К а л л и к л. Нет, именно так я говорил прежде, так говорю и теперь.
С о к р а т. Но как ты полагаешь, «лучший» и «сильный» — это одно и то же? Видишь ли, я не сумел сразу уловить, что ты имеешь в виду: зовешь ли ты сильными более могущественных и должны ли немощные повиноваться могущественному (мне кажется, ты как раз на это намекал, когда говорил, что большие города нападают на малые в согласии с природною справедливостью, ибо они сильнее и могущественнее, — точно желал сказать, что сильное, могущественное и лучшее — это одно и то же), или же возможно быть лучшим, но слабым и немощным и, наоборот, сильным, но скверным? Или слова «лучший» и «сильный» имеют одно значение? Вот это ты мне ясно определи: одно и то же сильное, лучшее и могущественное или не одно и то же?
К а л л и к л. Говорю тебе совершенно ясно: одно и то же.
С о к р а т. Так, а большинство по природе сильнее одного? То самое большинство, которое издает законы против одного, как ты только что говорил.
К а л л и к л. Да, конечно.
С о к р а т. Значит, установления большинства — это установления сильных.
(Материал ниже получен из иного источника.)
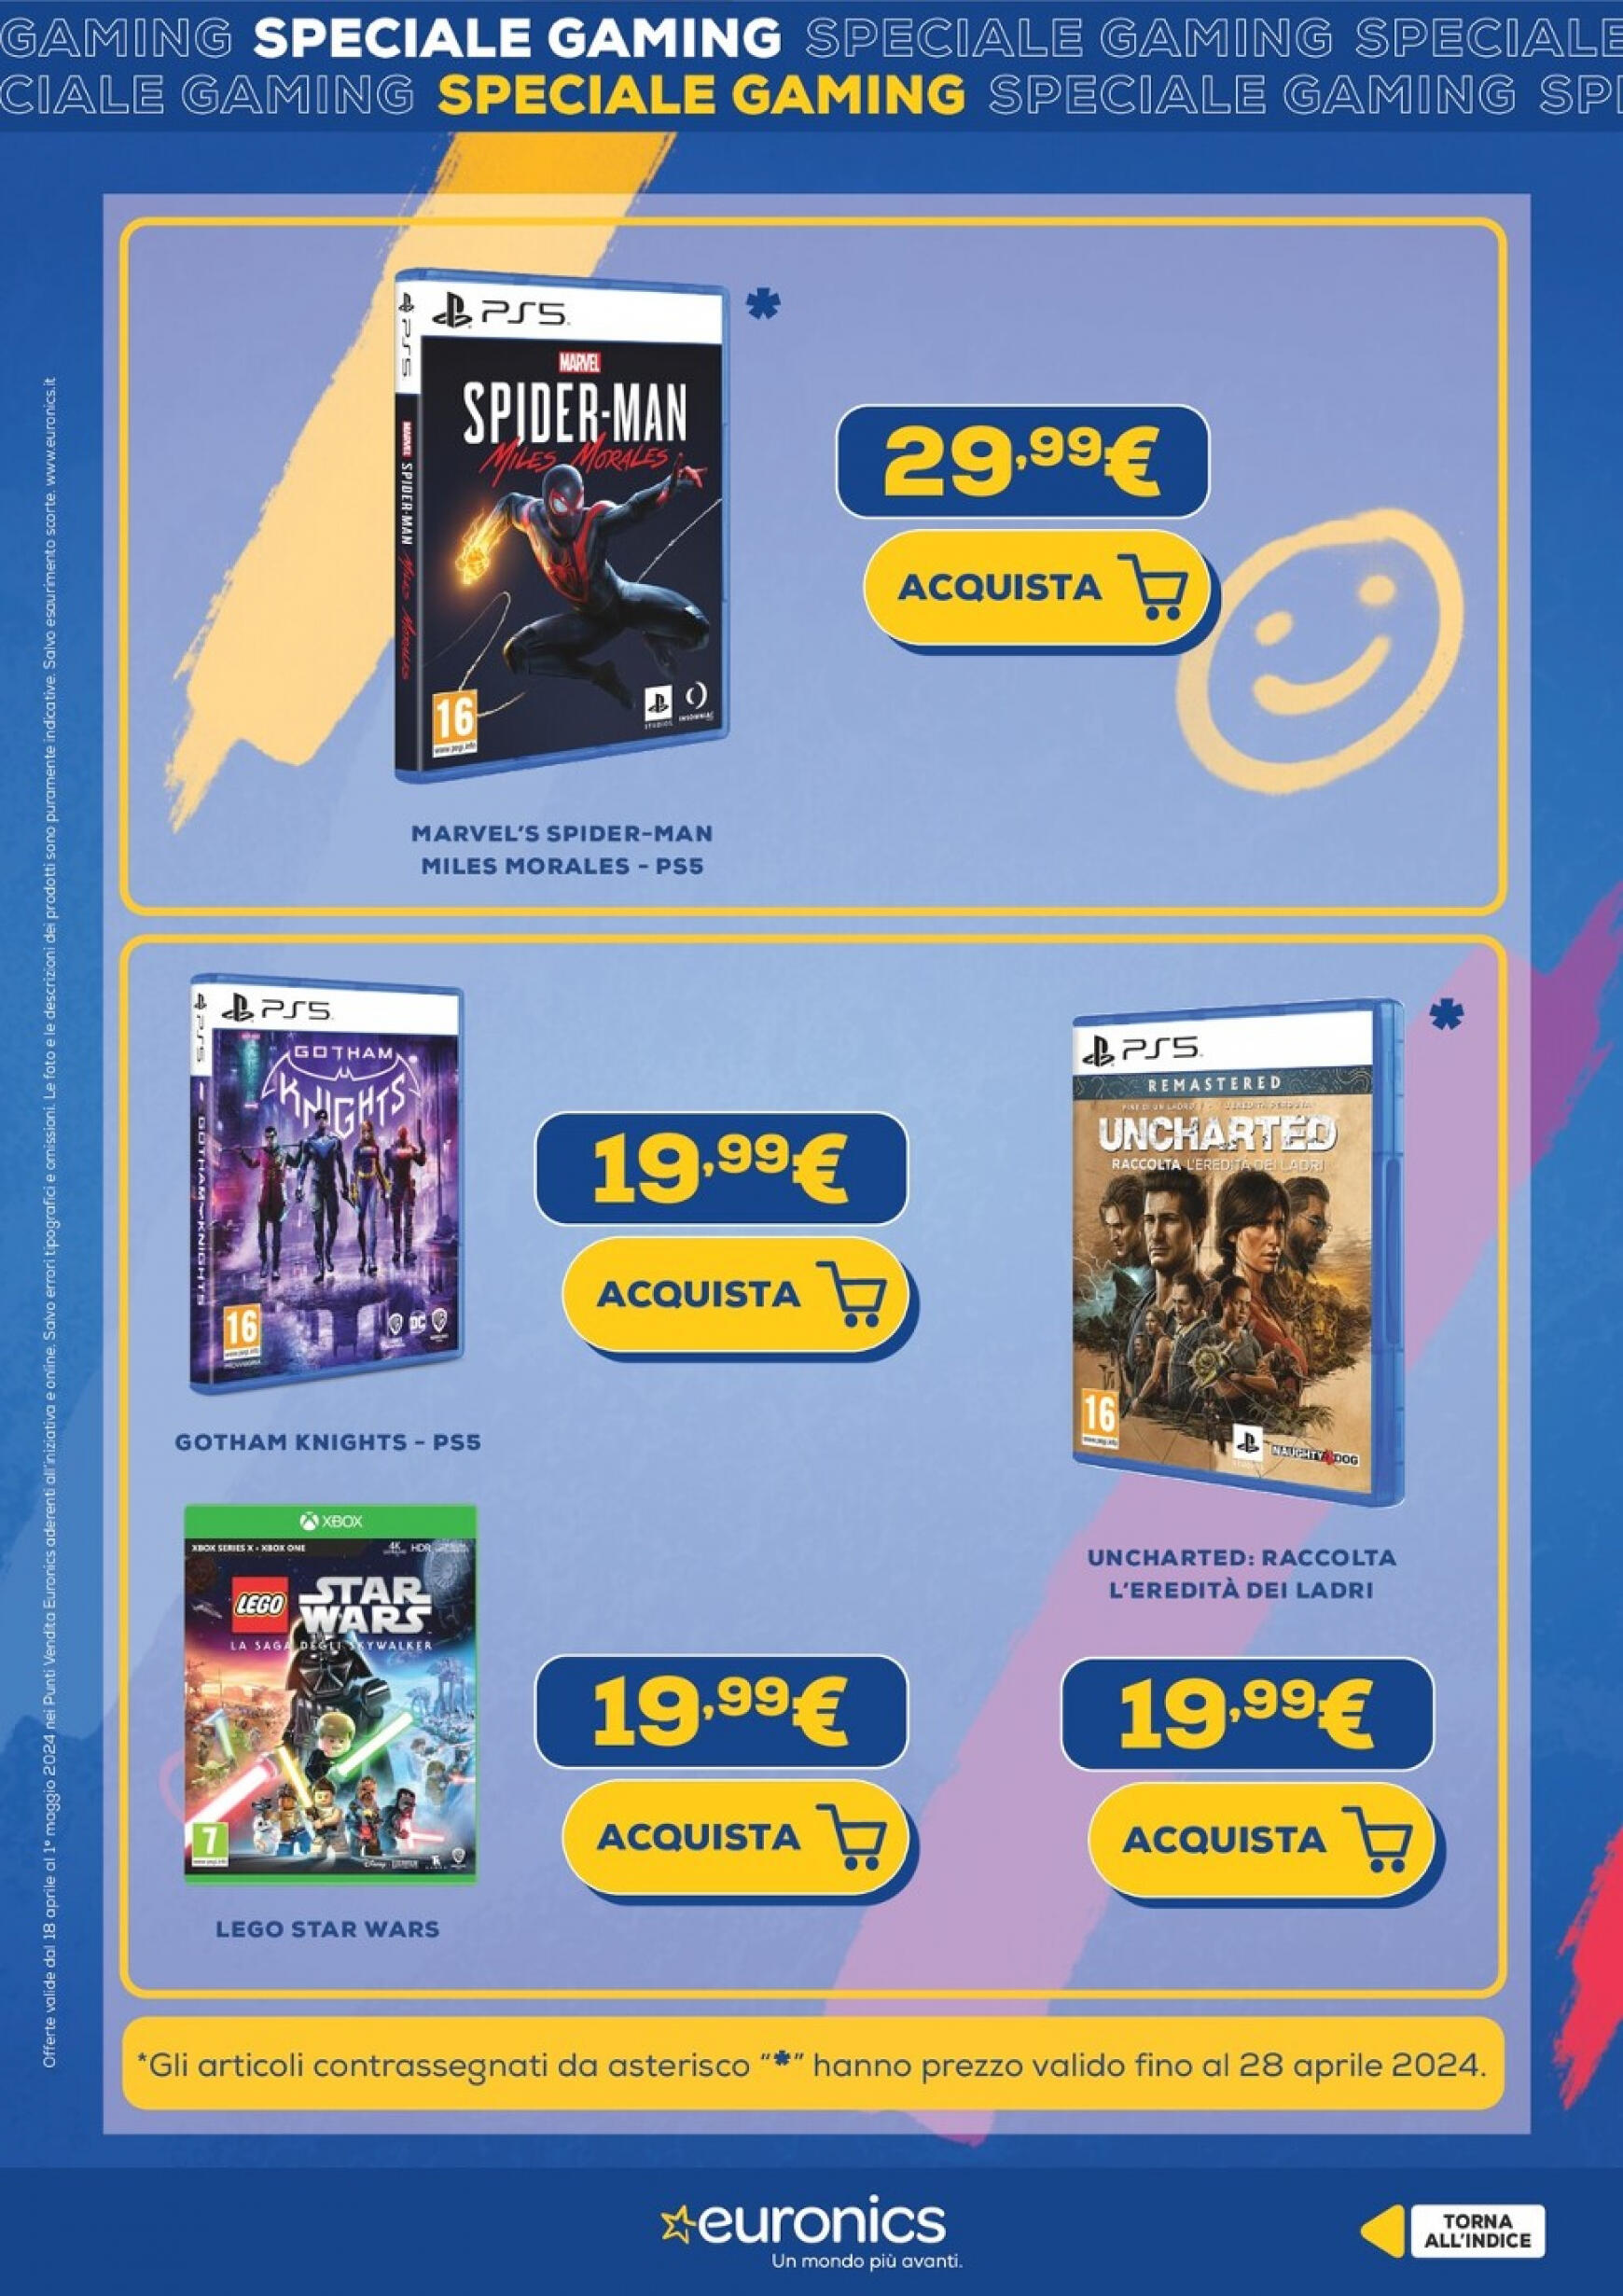 euronics - Nuovo volantino Euronics - Speciale Gaming 18.04. - 01.05. - page: 31
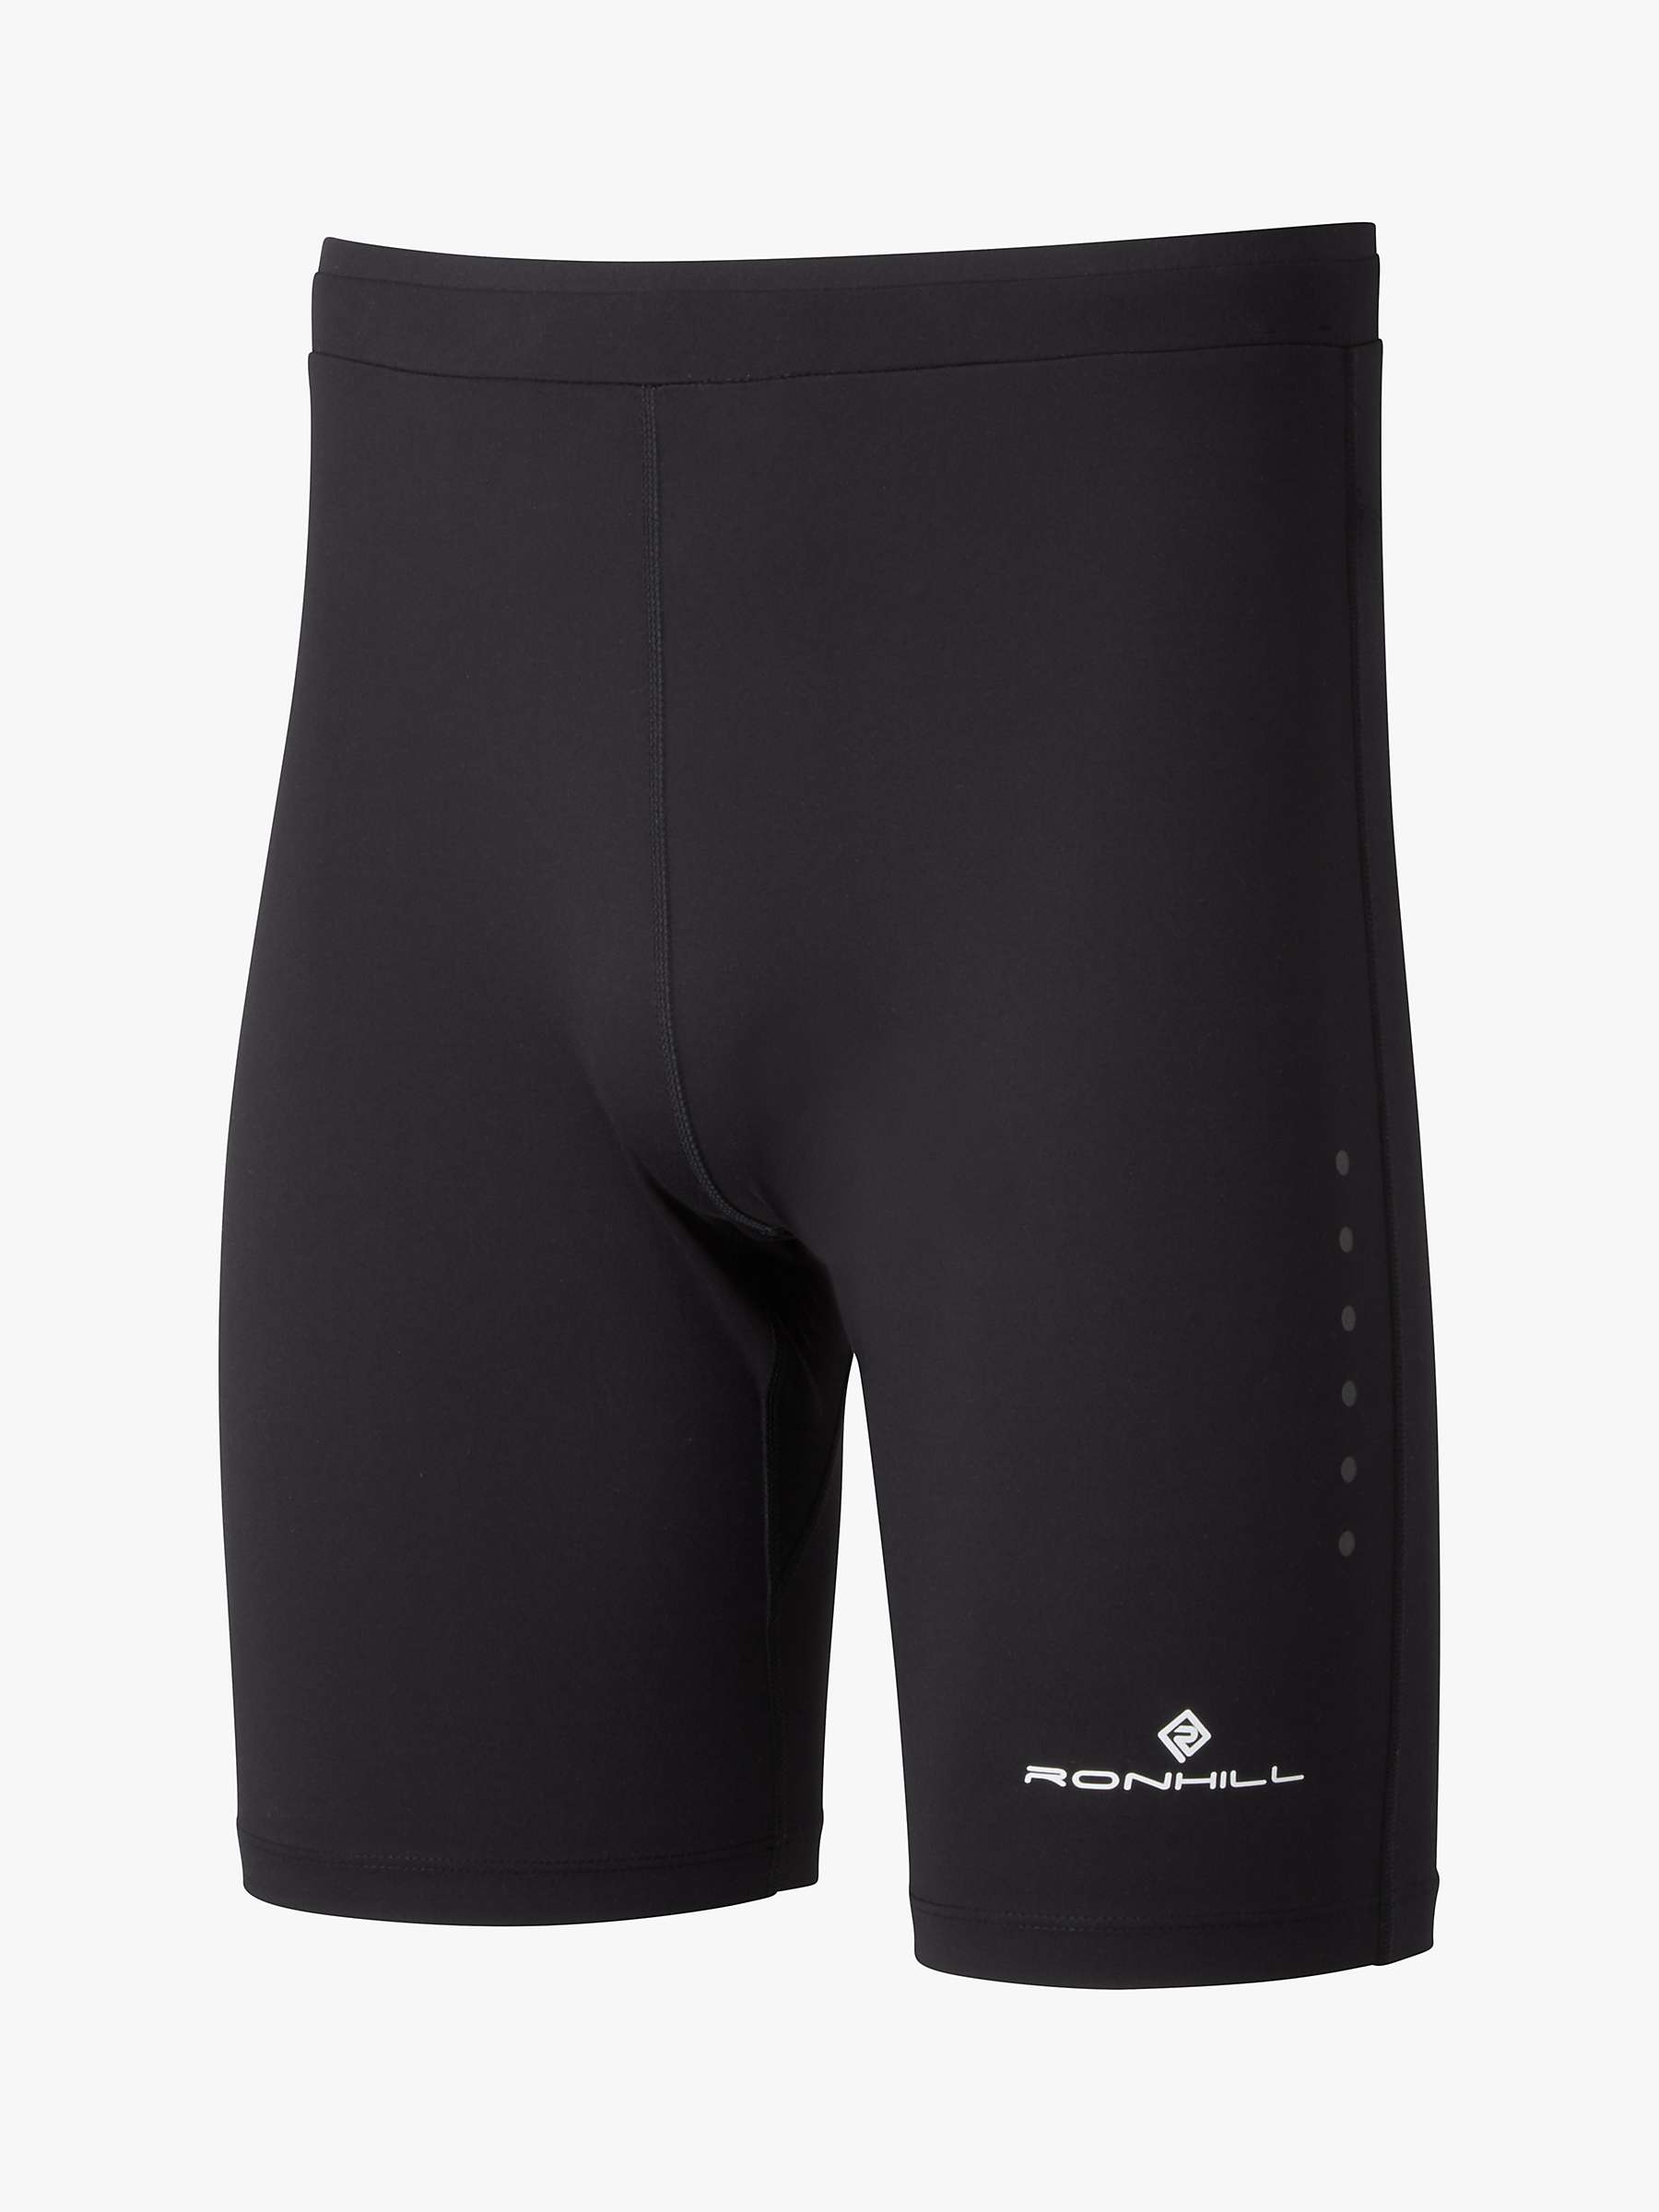 Buy Ronhill Stretch Sports Shorts, Black Online at johnlewis.com

К а л л и к л. Истинная правда.
С о к р а т. Но стало быть, и лучших? Ведь сильные, по твоему разумению, — это лучшие, не так ли?
К а л л и к л. Да.
С о к р а т. Стало быть, их установления прекрасны по природе, раз это установления сильных?
К а л л и к л. Да.
С о к р а т. А разве большинство не держится того суждения (как ты сам недавно говорил), что справедливость — это равенство и что постыднее творить несправедливость, чем терпеть ее? Так или нет? Только будь осторожен, чтобы и тебе не попасться в силки стыдливости! Считает или не считает большинство, что справедливость — это равенство, а не превосходство и что постыднее творить несправедливость, чем ее терпеть? Прошу тебя, Калликл, не оставляй мой вопрос без ответа, потому что, если ты со мною согласишься, я впредь буду чувствовать себя уверенно, получив поддержку человека, способного распознать истину.
К а л л и к л. Да, большинство считает так.
С о к р а т. Значит, не только по обычаю и закону творить несправедливость постыднее, чем терпеть, и справедливость — это соблюдение равенства, но и по природе тоже. Выходит, пожалуй, что раньше ты говорил неверно и обвинял меня незаслуженно, утверждая, будто обычай противоположен природе и будто я хорошо это знаю и коварно использую, играя словами: если собеседник рассуждает в согласии с природой, я, дескать, все свожу на обычай, а если в согласии с обычаем — то на природу.
К а л л и к л. Никогда этому человеку не развязаться с пустословием! Скажи мне, Сократ, неужели не стыдно тебе в твои годы гоняться за словами и, если кто запутается в речи, полагать это счастливою находкой? Неужели ты действительно думаешь, что я делаю хоть какое-то различие между сильными и лучшими? Разве я тебе уже давно не сказал, что лучшее для меня — то же самое, что сильное? Или ты воображаешь, что, когда соберутся рабы и всякий прочий сброд, не годный ни на что, кроме как разве напрягать мышцы, — соберутся и что-то там изрекут, — это будет законным установлением?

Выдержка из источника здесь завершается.